Work Rules for the Board of Directors' Secretary

Article 1 To ensure the standardized operation of Luxshare Precision Industry Co., Ltd. (hereinafter referred to as the "Company"), clarify the duties and powers of the Board Secretary, and in accordance with the "Company Law of the People's Republic of China" (hereinafter referred to as the "Company Law"), the "Securities Law of the People's Republic of China," and other relevant laws, regulations, and normative documents, as well as the "Articles of Association of Luxshare Precision Industry Co., Ltd." (hereinafter referred to as the "Articles of Association"), these Rules are formulated.

Article 2 The Company shall establish the position of Board Secretary, who shall serve as the designated liaison between the Company and the stock exchange.

Article 3 The Board Secretary shall be a senior management member of the Company, undertaking the obligations required of senior management by laws, administrative regulations, and the Articles of Association, enjoying corresponding work authority and receiving corresponding remuneration.

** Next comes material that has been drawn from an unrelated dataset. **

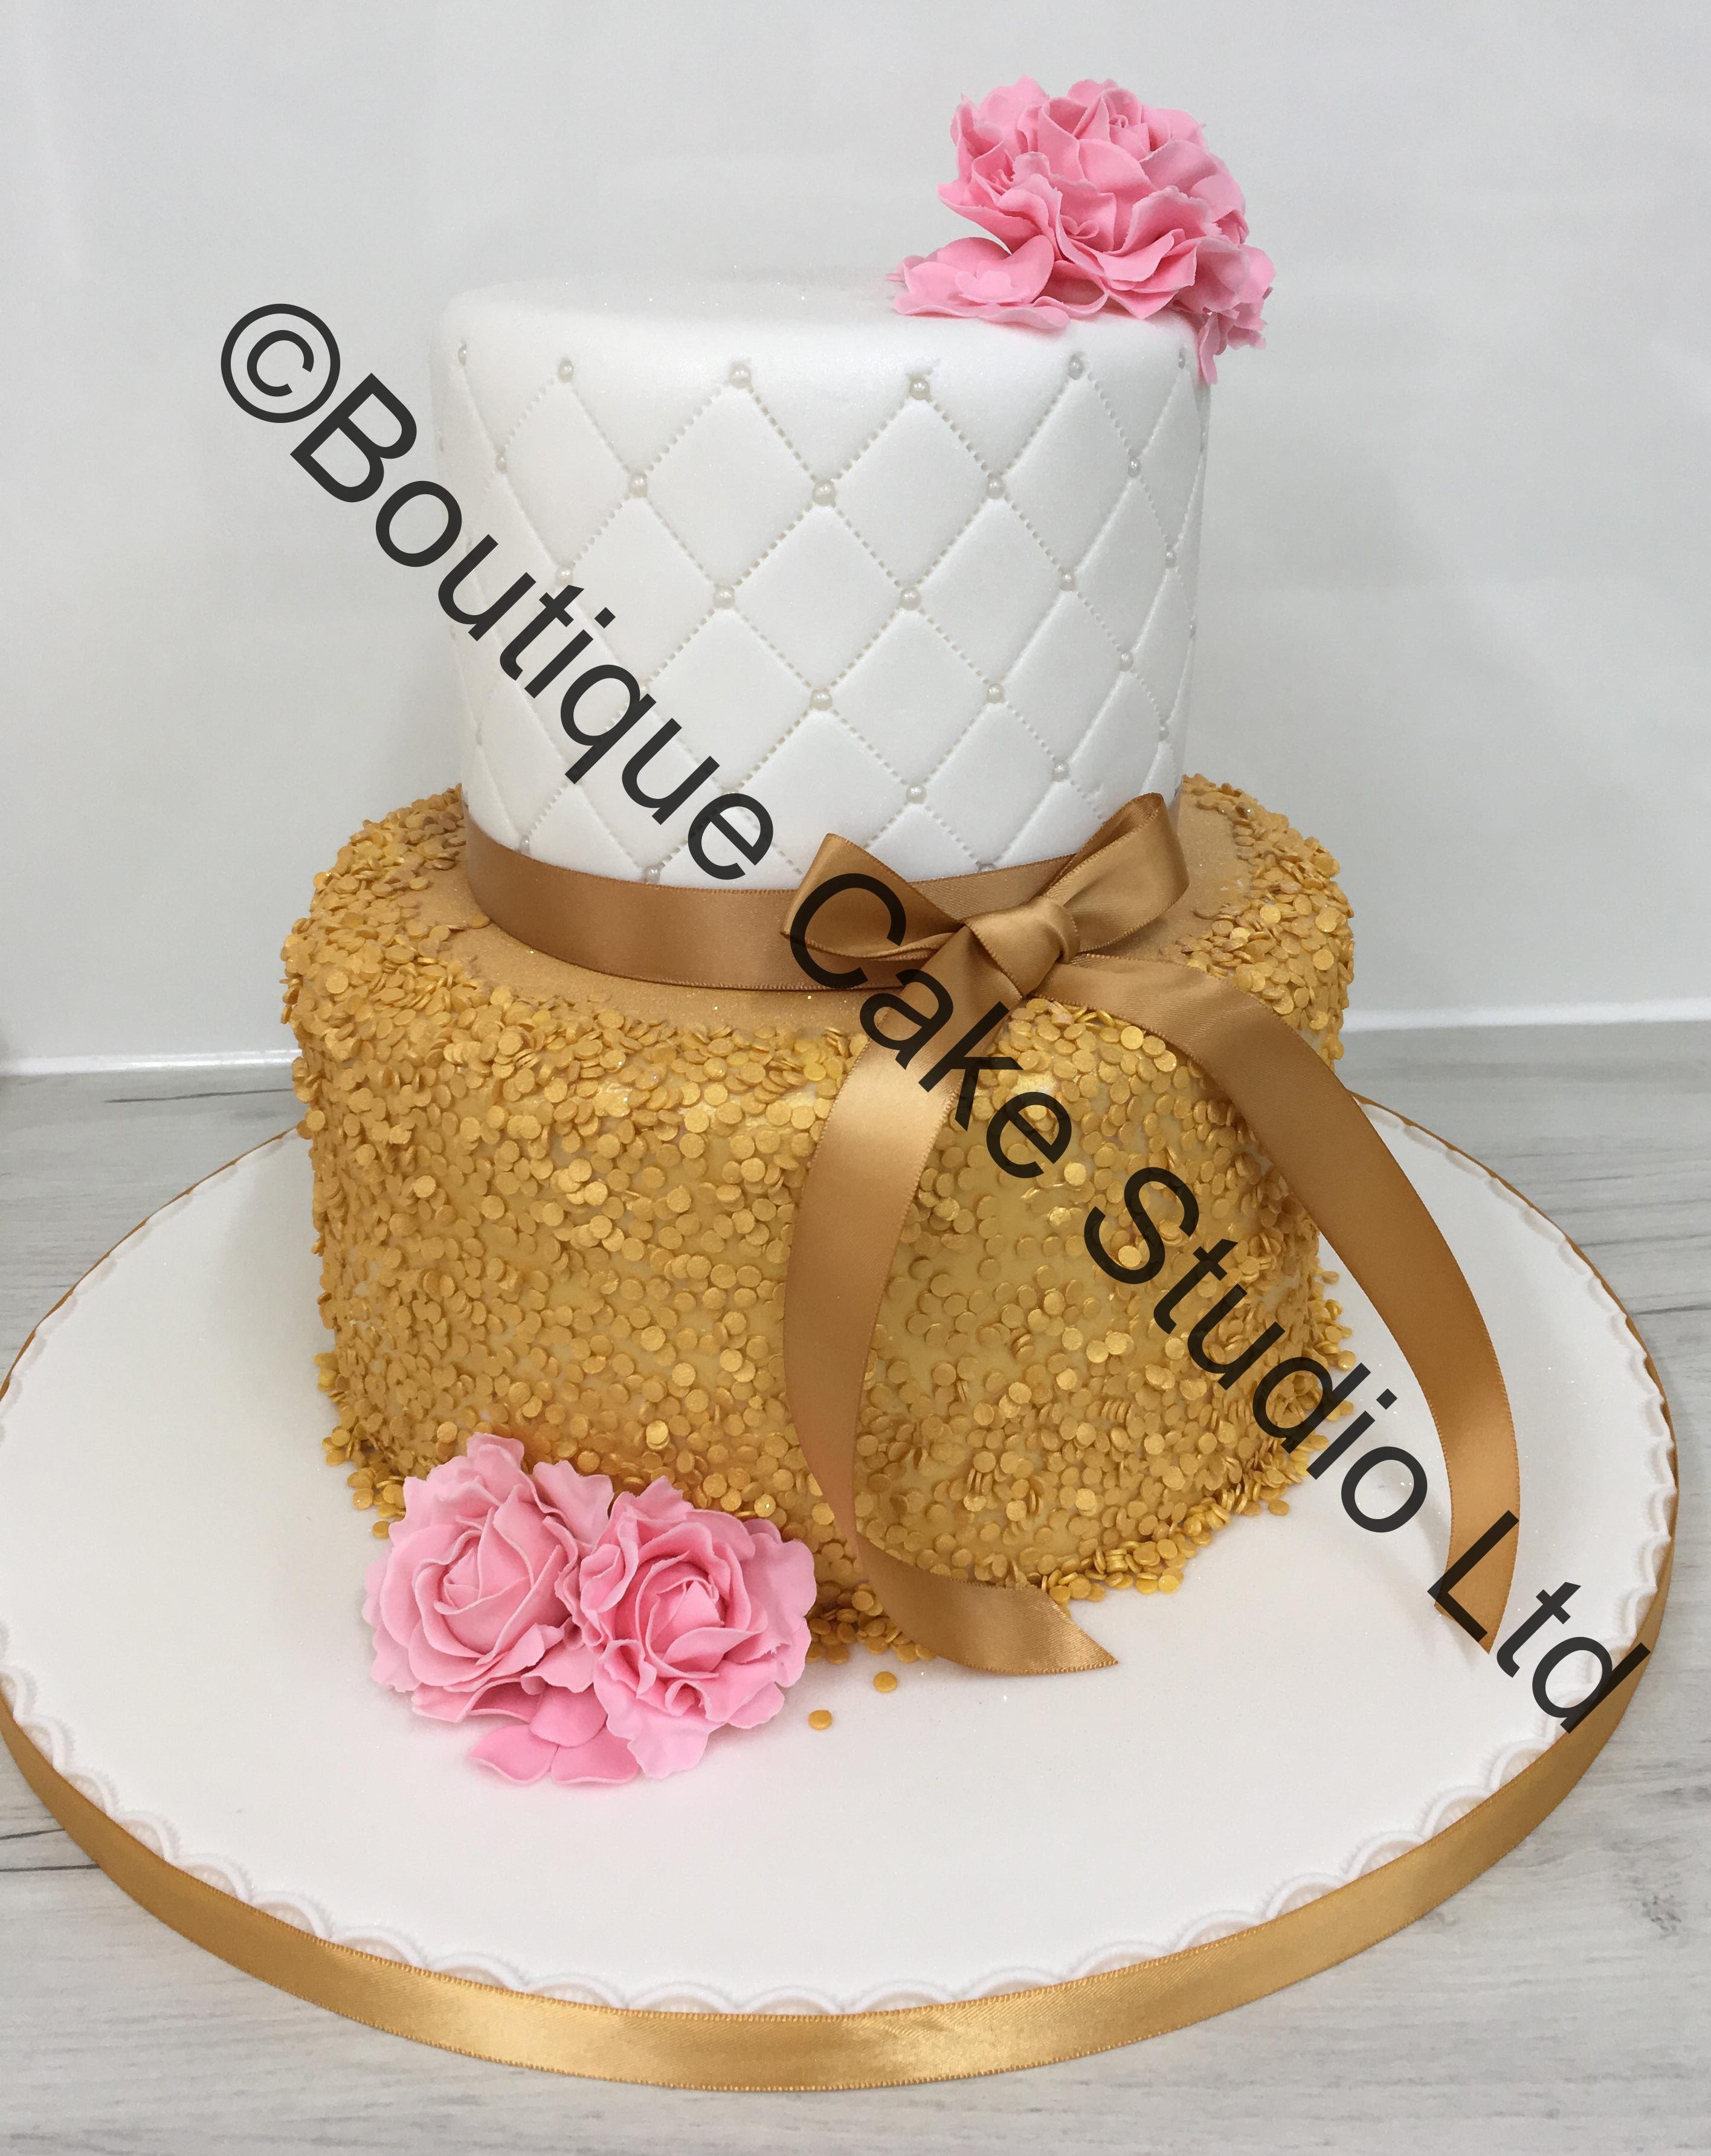 Gold and Cream Stacked Cake with Trellis and Sugar Flowers

Article 4 The Board Secretary shall possess the necessary professional knowledge in finance, management, law, etc., for the performance of duties, have good professional ethics and personal qualities, and hold a training certificate for Board Secretaries issued by the stock exchange. Individuals with any of the following circumstances shall not serve as Board Secretary: (1) Any circumstance stipulated in Article 178 of the "Company Law"; (2) Having been subject to administrative penalties from the China Securities Regulatory Commission within the last thirty-six months; (3) Having been publicly censured or received more than three circular reprimands from the stock exchange within the last thirty-six months; (4) Having been subject to market entry prohibition measures by the China Securities Regulatory Commission that prevent serving as a director or senior management member of a listed company, with the prohibition period not yet expired; (5) Having been publicly deemed unsuitable to serve as a director or senior management member of a listed company by the stock exchange, with the period not yet expired; (6) Other circumstances deemed unsuitable to serve as Board Secretary by the stock exchange.

Article 5 Senior management members of the Company may concurrently serve as Board Secretary, provided they ensure they have sufficient energy and time to undertake the duties of the Board Secretary. Registered accountants from the accounting firms and lawyers from the law firms hired by the Company shall not concurrently serve as Board Secretary. The Board Secretary may hold concurrent positions, except for those prohibited by laws, administrative regulations, and normative documents.